_Information shown_
::::
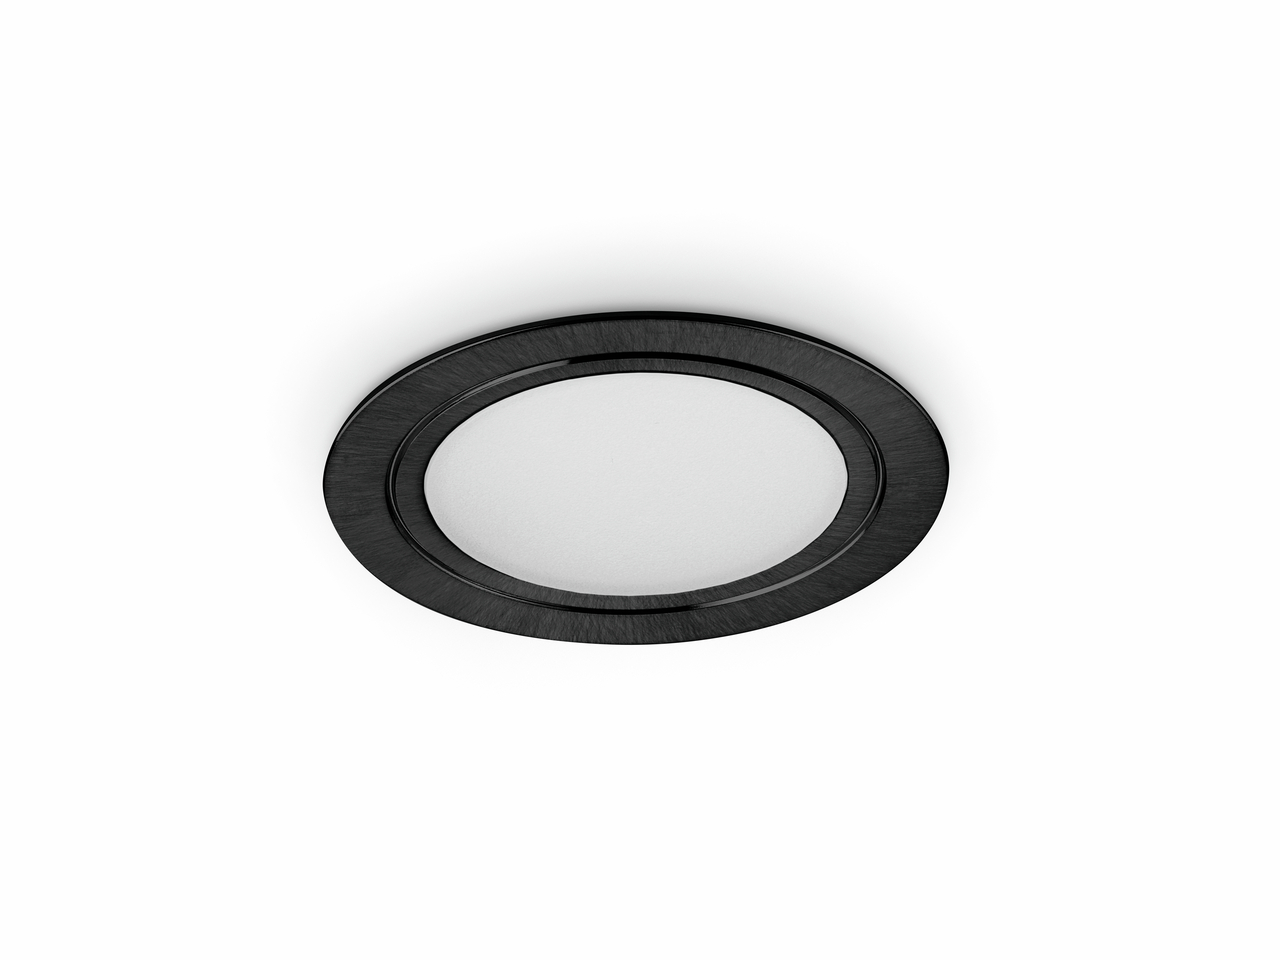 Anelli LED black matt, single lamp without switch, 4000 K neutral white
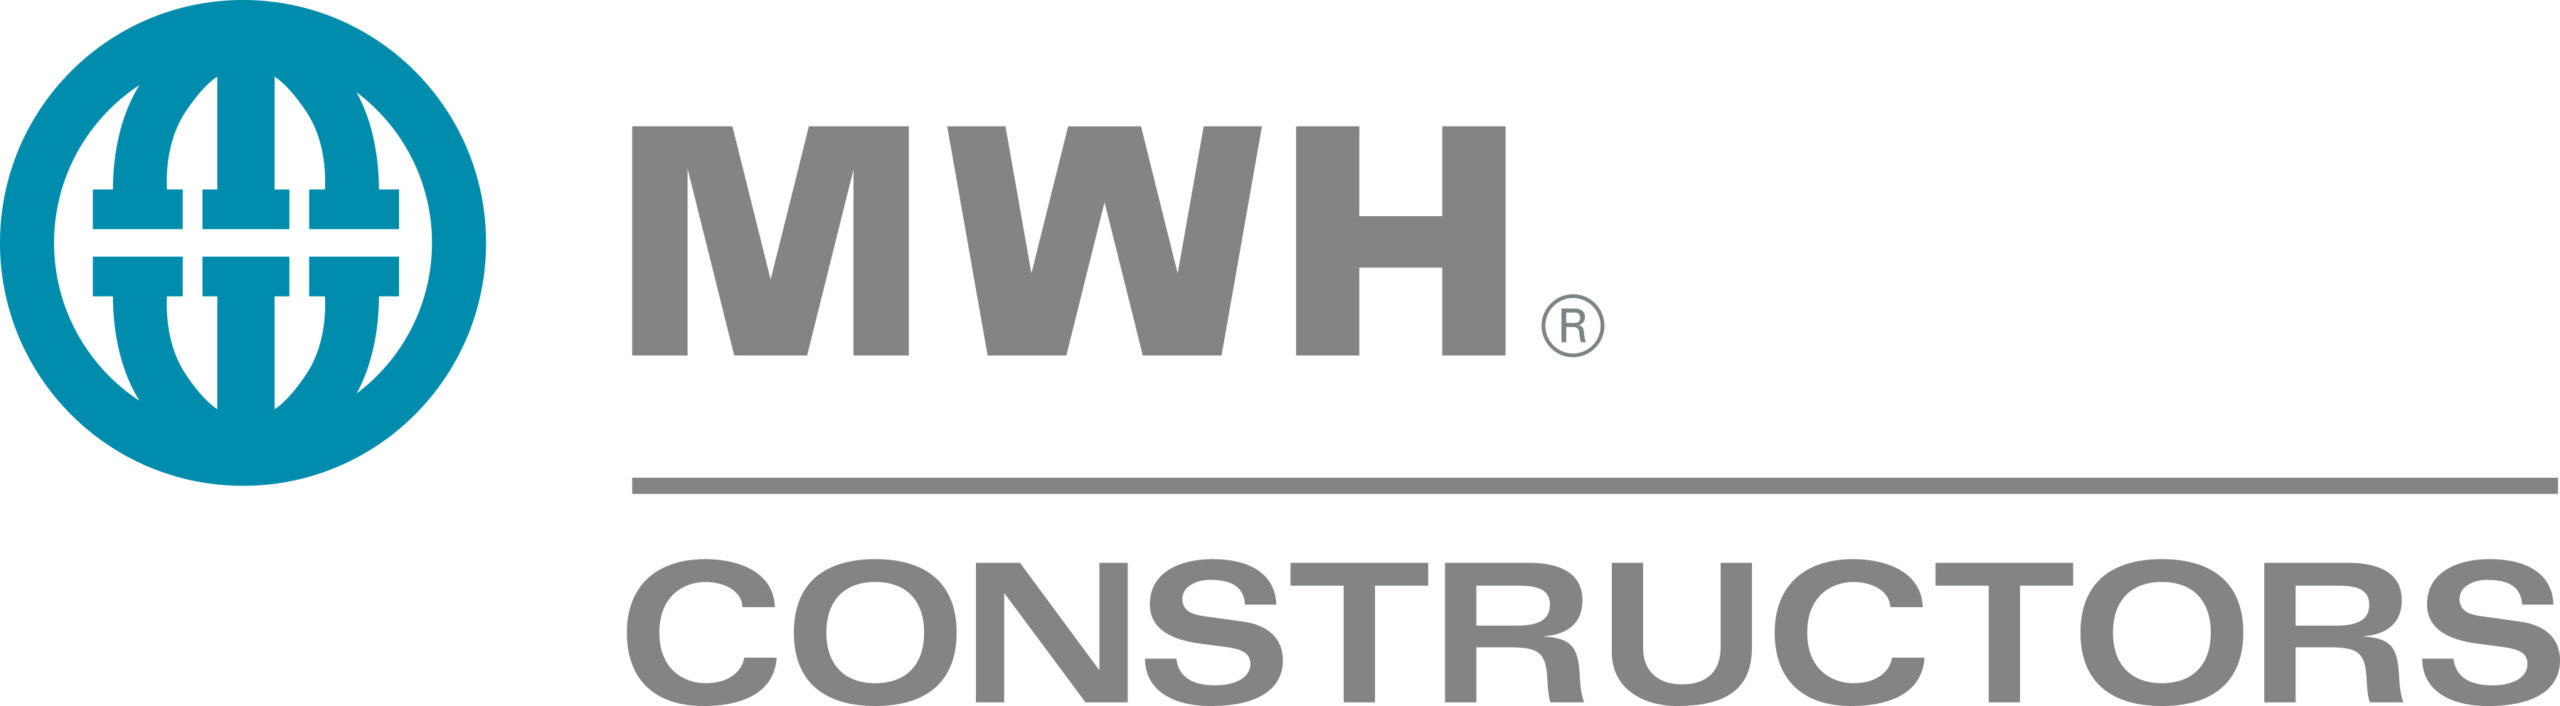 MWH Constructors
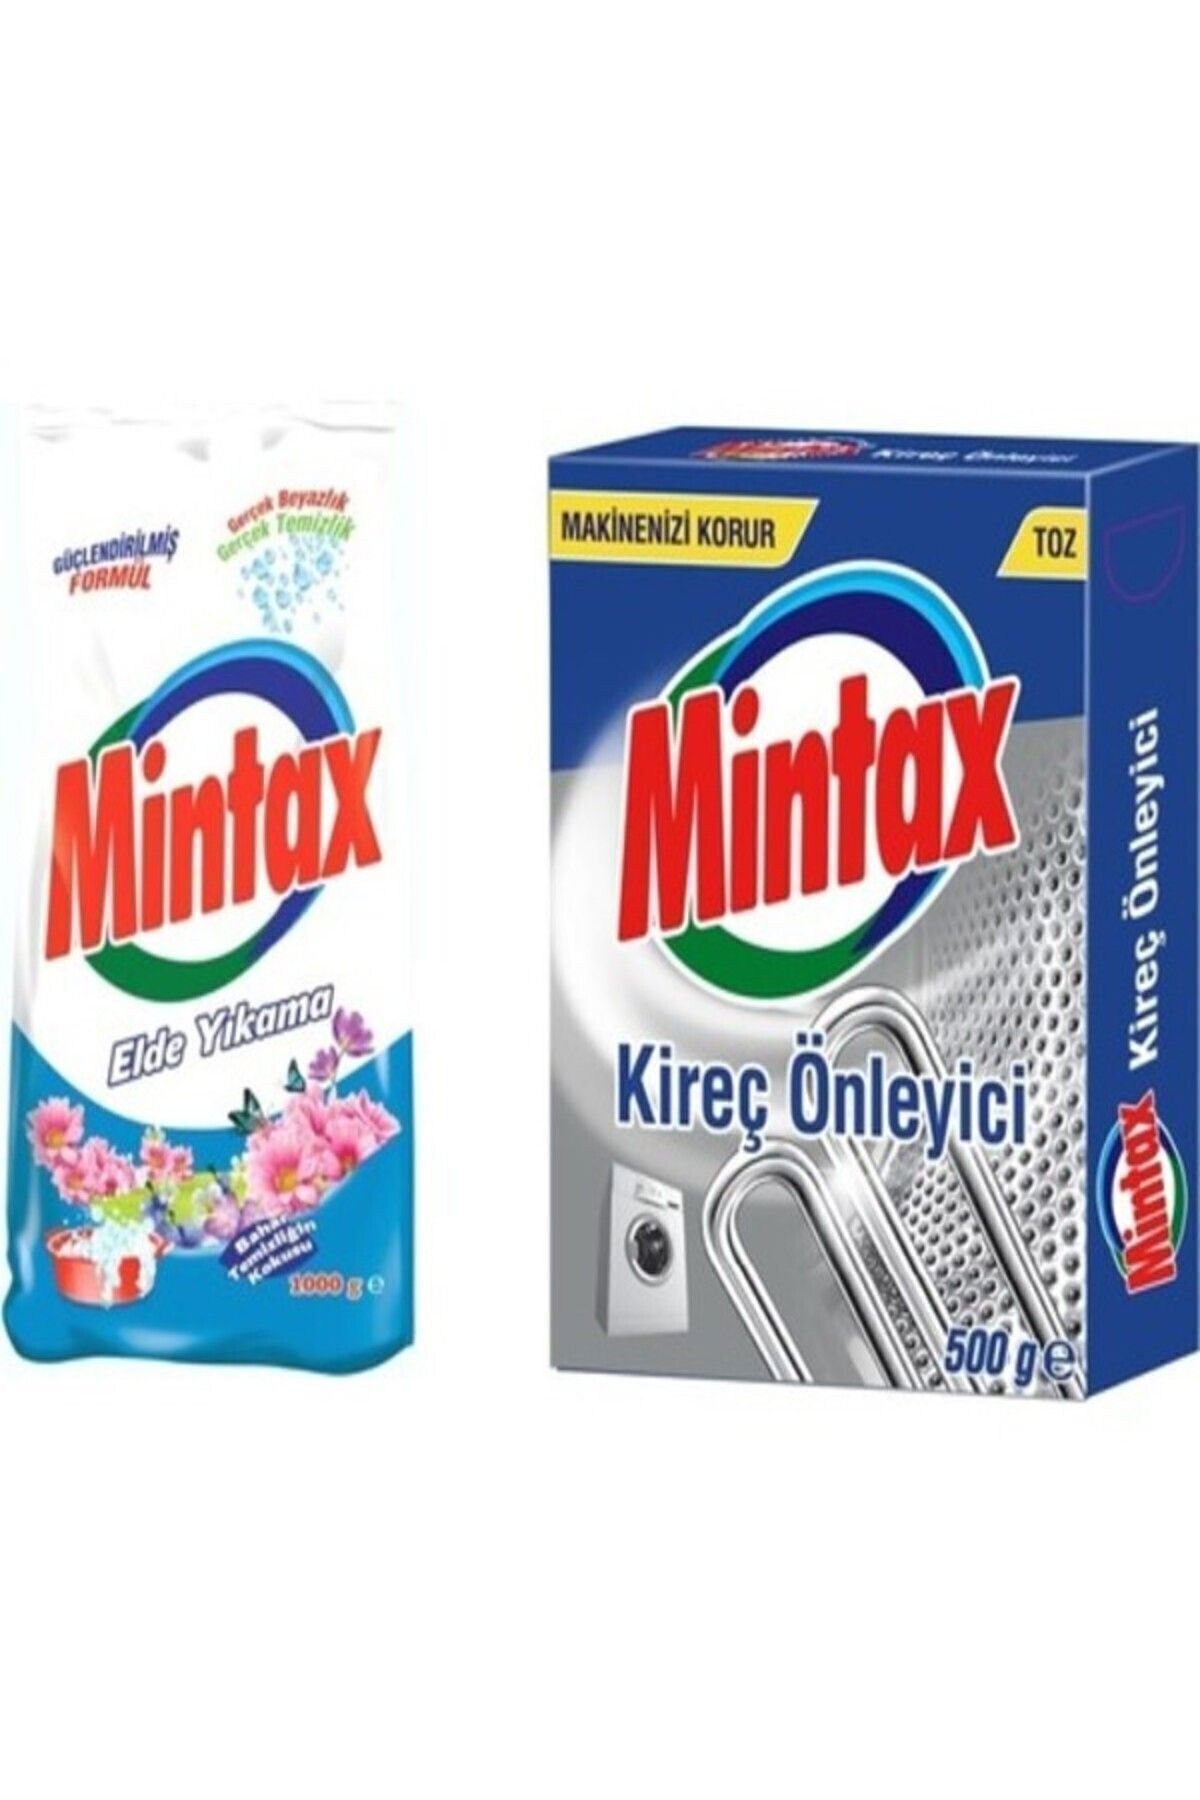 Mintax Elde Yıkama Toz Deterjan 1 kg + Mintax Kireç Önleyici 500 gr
::::
_What is expected_
Omit the pictures and print the listing exactly.

_Solution to the exercise_
 Anelli LED black matt, single lamp without switch, 4000 K neutral white
 MWH Constructors
 Mintax Elde Yıkama Toz Deterjan 1 kg + Mintax Kireç Önleyici 500 gr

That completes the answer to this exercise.